Big ideas and UbD • In UbD, “big ideas” are framed as goals and essential questions
“Big Ideas” • Concepts - adaptation, perspective • Theme - “go west” • On-going debate or points of view - liberal/conservative, nature vs. nurture • Paradox - freedom must have limits • Theory - manifest destiny • Underlying assumption - markets are rational • Recurring question - “is that fair?”, “How do we know?”, “Can we prove it?” • Understanding or principle - form follows function
Standards Often State or Imply Big Ideas • The study of History (Minnesota, U.S., and World) helps students to see how people in other times and places have grappled with the fundamental questions of truth, justice, and personal responsibility, to understand that ideas have real consequences, and to realize that events are shaped both by ideas and the actions of individuals.
Write a “big idea” • Work in pairs to come up with a ‘big idea’ in social studies.If you have online access, use the national, Wisconsin or Minnesota standards, and frame your big idea based on standards language.
Essential Questions • Learning goals are framed as “essential questions”. The best questions can be global and go right to the essence of things - What is democracy? How does it work? What does the author mean? Can we prove it? What should we do?
Essential Questions • Essential questions need not be global. They can go to the heart of a particular topic, problem, or field of study. Social studies can be defined by its essential questions - In what ways should government regulate the market? What connection is there between a country’s form of government and the prosperity of its citizens? Is it important to listen to our ancestors?
Types of essential questions • 1. Important questions that recur throughout our lives - What is justice? What is freedom? • 2. Core ideas and inquiries within social studies - Can history escape the social and personal history of historians?
Types of essential questions • What is needed for core learning content - What models best describe the business cycle? What ideas influenced the development of our federal system of government? • Questions that engage a specific and diverse set of learners - What influences have helped form our notion of what constitutes an “adult”?

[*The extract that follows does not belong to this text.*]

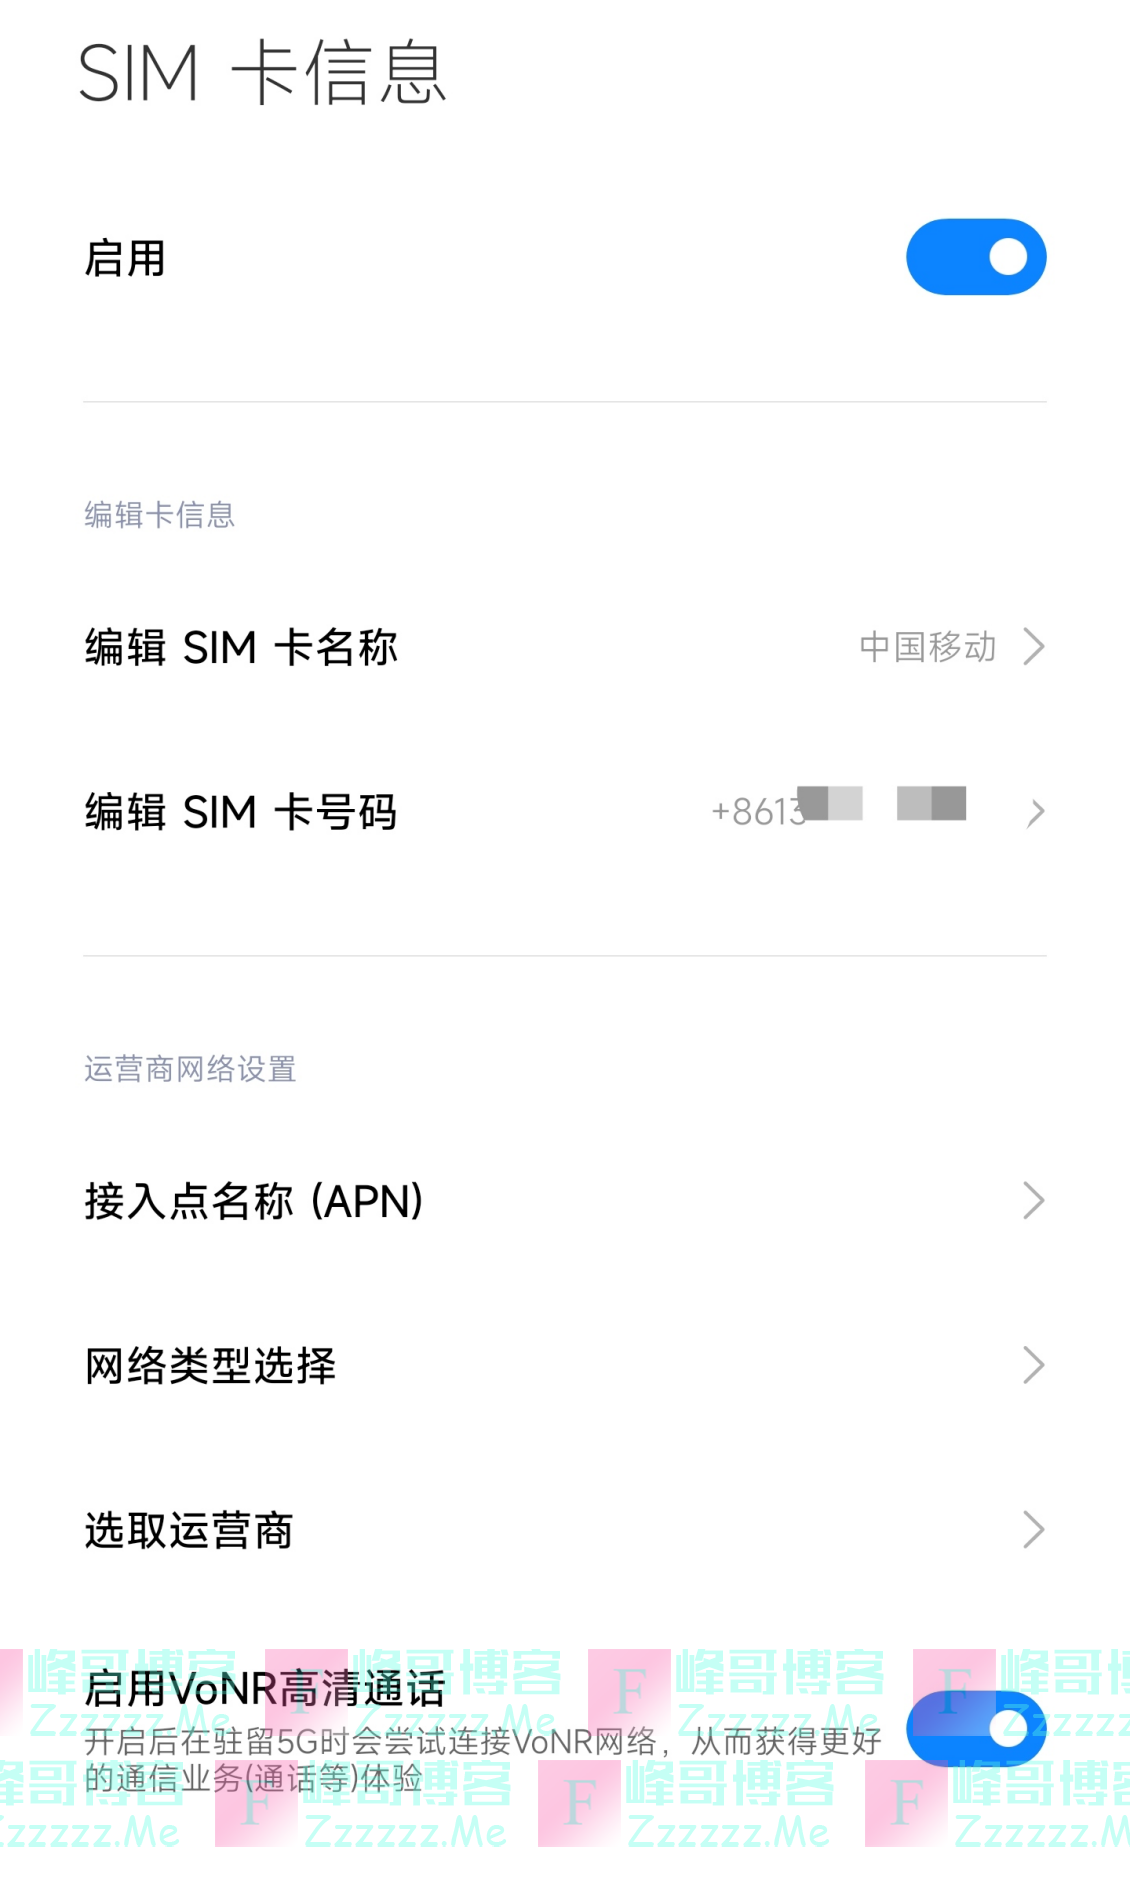 5G新探索！小米全面支持中国移动5G新通话业务

Understanding by Design • Understanding is the ability to make connections and bind together our knowledge into something that makes sense of things. A performance ability lies at the heart of understanding - to use, and transfer, to apply our knowledge and skills. To have understood is to be able to transfer what we know.
The Six Facets of Understanding • Explanation - can explain via generalizations or principles, make insightful connections and provide illuminating examples or illustrations. • Interpretation - can interpret, provide a revealing historical or personal dimension to ideas and events, tell meaningful stories.
Facets of understanding • Application - can apply, effectively use and adapt what we know in diverse and real contexts. • Perspective - have perspective, see and hear points of view through critical eyes and ears; see the big picture.
Facets of understanding • Empathy - can empathize, find value in what others might find odd, alien or implausible; perceive sensitively. • Meta-cognition - have self-knowledge; perceive the personal style, prejudices, projections and habits of mind that both shape and impede our understanding; are aware we do not understand; reflect on the meaning of our learning and experience.
Facets of understanding • The six facets of understanding are manifestations of transfer ability. They are non-hierarchical.
Essential questions and understanding • Essential questions can be derived from the facets of understanding. Develop essential questions based on each of the six facets of understanding. If you have online access to the Minnesota, Wisconsin or National standards, use them as a guide to develop your big ideas.